George_FPKM1<-George_FPKM
#①计算符合双峰指数≥1.5，平均表达值≥25th，sd value≥50th条件下的基因。
#计算平均值，并获得means≥25th的基因名
George_FPKM<-log2(George_FPKM+1)
George_FPKM_mean<-rowMeans(George_FPKM)
George_FPKM_Means_25th_names<-names(George_FPKM_mean[George_FPKM_mean>=quantile(George_FPKM_mean,0.25)])


#计算标准差，并获得前sd 50th的基因名
George_FPKM_sd<-data.frame()
for(i in rownames(George_FPKM)){
  George_FPKM_sd[i,"sd_value"]<-sd(George_FPKM[i,])
  George_FPKM_sd[i,"Gene_names"]<-i
}
George_FPKM_sd_50th_names<-rownames(George_FPKM_sd[George_FPKM_sd$sd_value>=quantile(George_FPKM_sd$sd_value,0.5),])

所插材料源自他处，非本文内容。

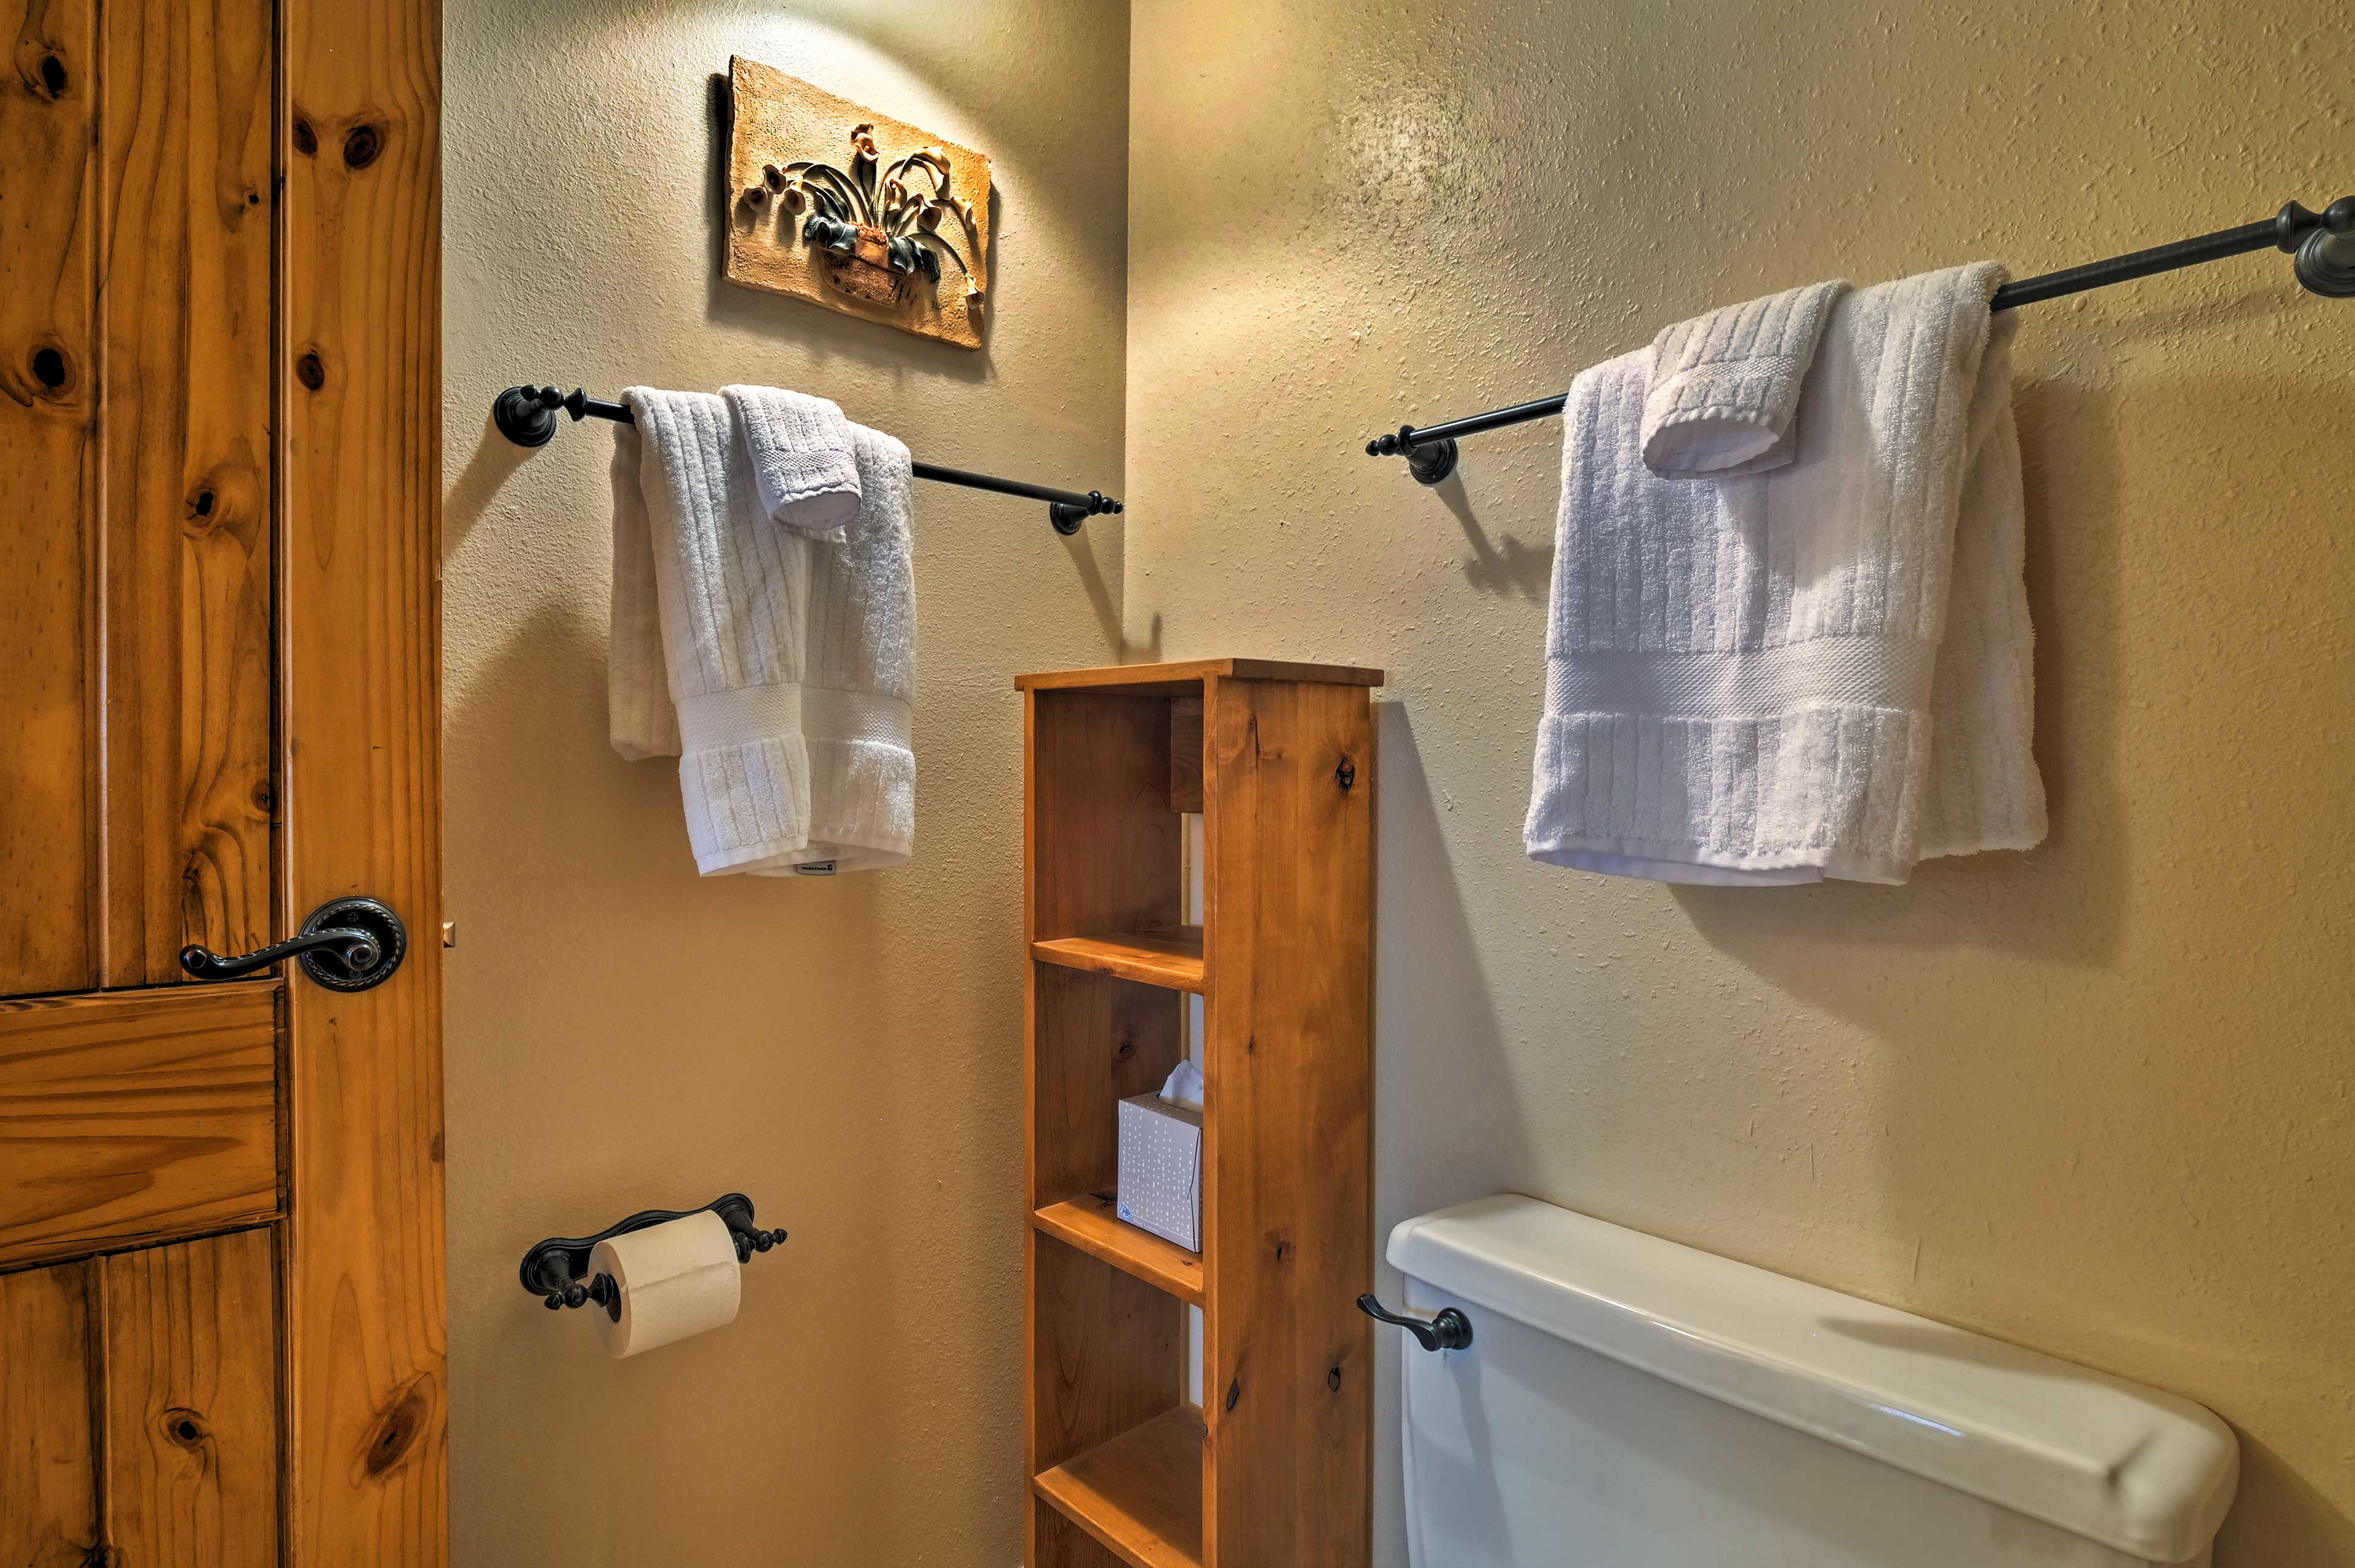 Fresh towels will make you feel right at home.

#获得前sd 25th的基因名和means前50th的基因名的交集
intersect_means_sd_names<-intersect(George_FPKM_sd_50th_names,George_FPKM_Means_25th_names)
#计算交集基因的双峰指数，并获得双峰指数≥1.5的基因
George_FPKM_bi <- bimodalIndex(George_FPKM[intersect_means_sd_names,], verbose=FALSE)
dim(George_FPKM_bi[George_FPKM_bi$BI>=1.5,])
George_FPKM_bi_1.5<-rownames(George_FPKM_bi[George_FPKM_bi$BI>=1.5,])
#获得符合条件的基因矩阵
George_FPKM_filtered<-George_FPKM[George_FPKM_bi_1.5,]
#查看基因数量
dim(George_FPKM_filtered)

#使用preprocessCore进行分位数标准化
George_FPKM_filtered<-as.matrix(George_FPKM_filtered)
George_FPKM_filtered<-normalize.quantiles(George_FPKM_filtered,keep.names=T)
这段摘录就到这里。